Ice, Ice, Baby


The approximate natural color appearance of Jupiter's ice-covered Europa. NASA

If you’re like myself and live in a northern area like Chicago, then by now you’re getting tired of temperatures that peak in the single digits. Allow me to give you some perspective; at least the weather isn’t in the range of -370 to -270 degrees Fahrenheit. This is the range of average temperatures on the surface of Jupiter’s moon Europa. Just thinking about being there makes me appreciative of the icy winds whipping off of Lake Michigan.
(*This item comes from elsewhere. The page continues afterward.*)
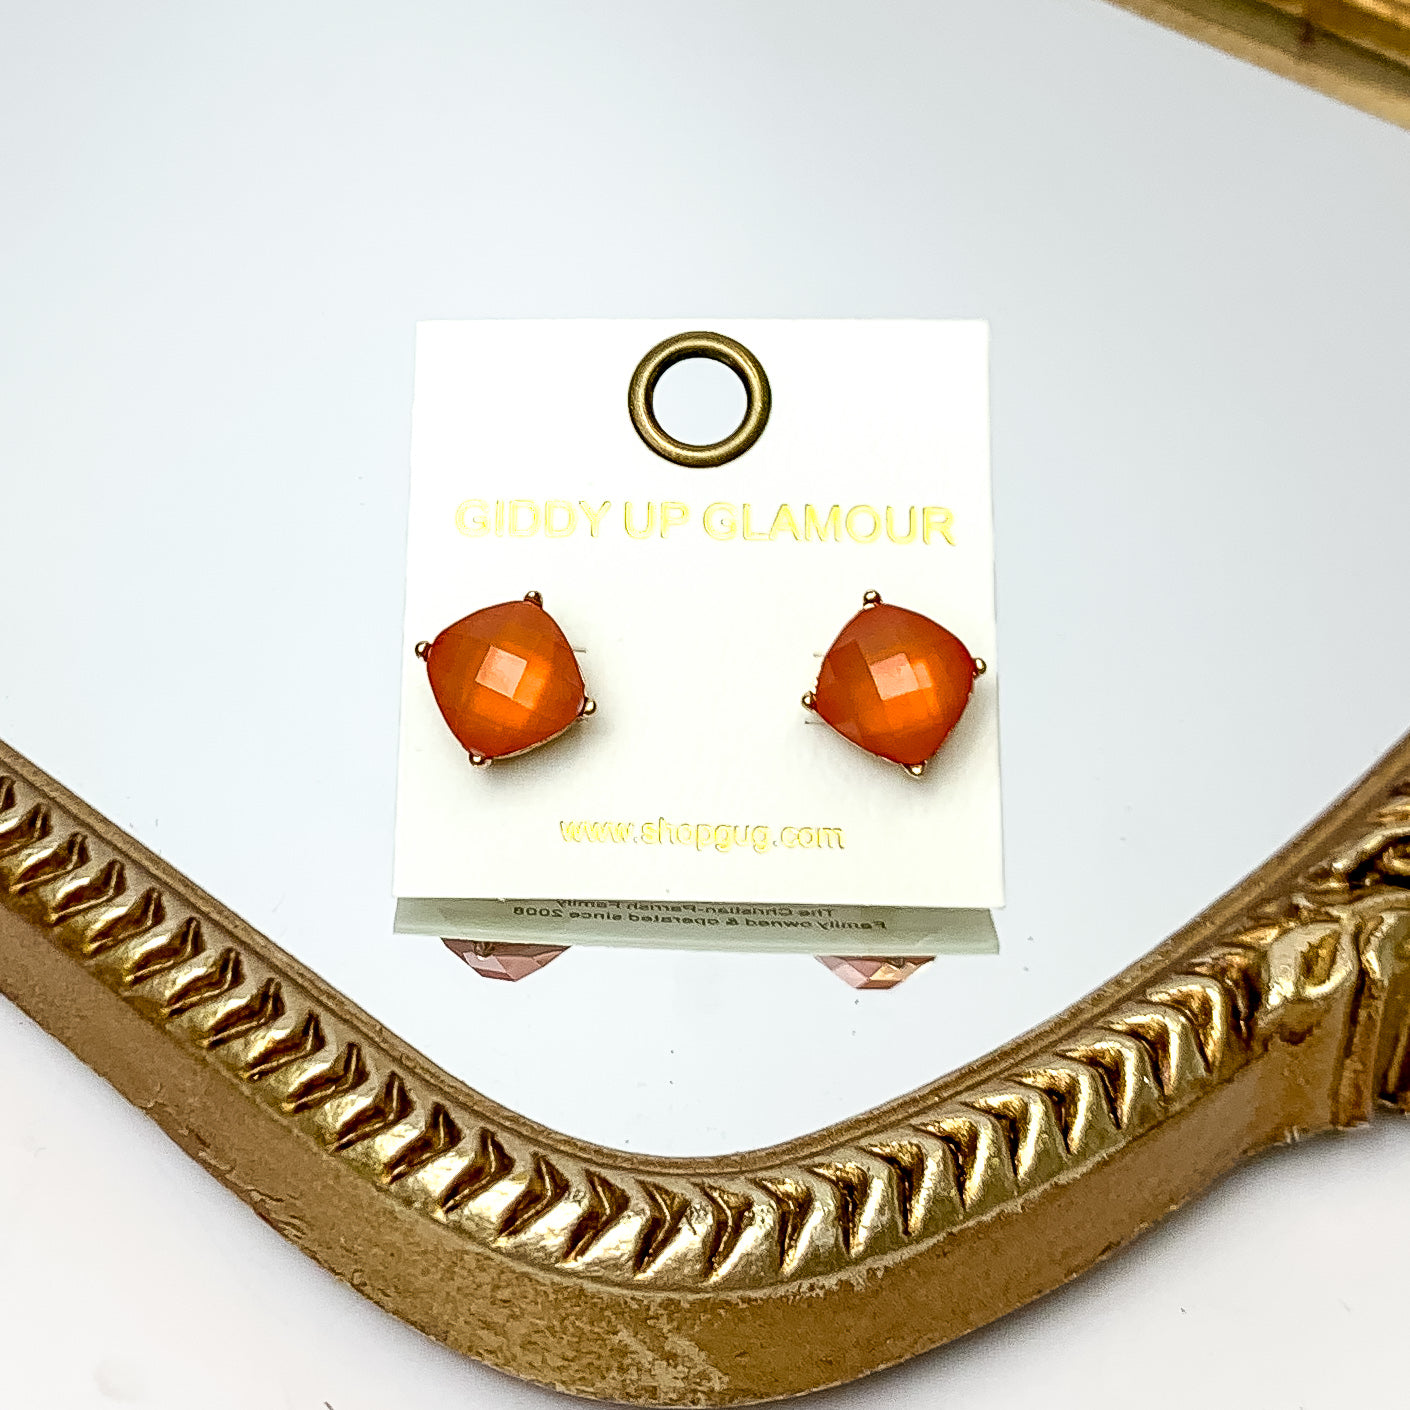 Large Crystal Stud Earrings in Orange. These earrings are pictured laying on a gold trimmed mirror.

Being on the surface of Europa feels more desolate and chilly than anybody can come close to imagining, with the possible exception of Antarctic scientists. Just try to picture yourself standing on a plateau of ice so cold it feels as hard as granite, surrounded by this surface as far as the eye can see. In the canopy above you is Jupiter, dominating the deep black sky and watching you with its swirling red eye.

This is Europa: a moon whose surface is solely comprised of rock-solid ice, cracked like an eggshell all over its crust, creating deep icy canyons. There is essentially no atmosphere, save for the wisps of oxygen that evaporate off of the surface. The land around you is barren. As amazing as this is, to find the truly incredible beauty of Europa you have to look down. Way, way down.

What’s so amazing about Europa is that there is a good chance that a vast and expansive ocean lays beneath all that ice. Just as our earth has a solid crust with molten magma beneath it, Europa has a similar composition, but with ice and water. The ice is theorized to be anywhere in the range of 10 to 100 kilometers thick. And, tidal forces from Jupiter are believed to be the cause of the ocean. Just as the moon pulls the tides of our ocean back and forth, Jupiter pulls on Europa and energizes the ice, melting it into water. This ocean being shifted and pulled around by the tidal forces could explain the vast cracks in the smooth surface of the moon.

It’s theorized that this ocean could even harbor life. It’s certainly possible when one takes into consideration that life on Earth can handle worse conditions than those on Europa. The oceans of Europa are a harsh place, but species of bacteria and animals on our ocean floor live around steaming volcanic vents, where temperatures can reach 750 degrees Fahrenheit. Life in Europa’s ocean is certainly an exciting possibility.

Europa is an enigma. No probe has ever landed on its surface. Recently, Hubble observed plumes of water jets 200 kilometers high shooting out of Europa’s south pole, and nobody has an explanation for why. Life as we know it could be dwelling deep in its ocean, right in our own solar system. Europa is exciting, dynamic, wild, and more than anything else, cold. All things considered, I’m very happy to be sitting in Chicago without the fear that enormous jets of water could erupt at any second.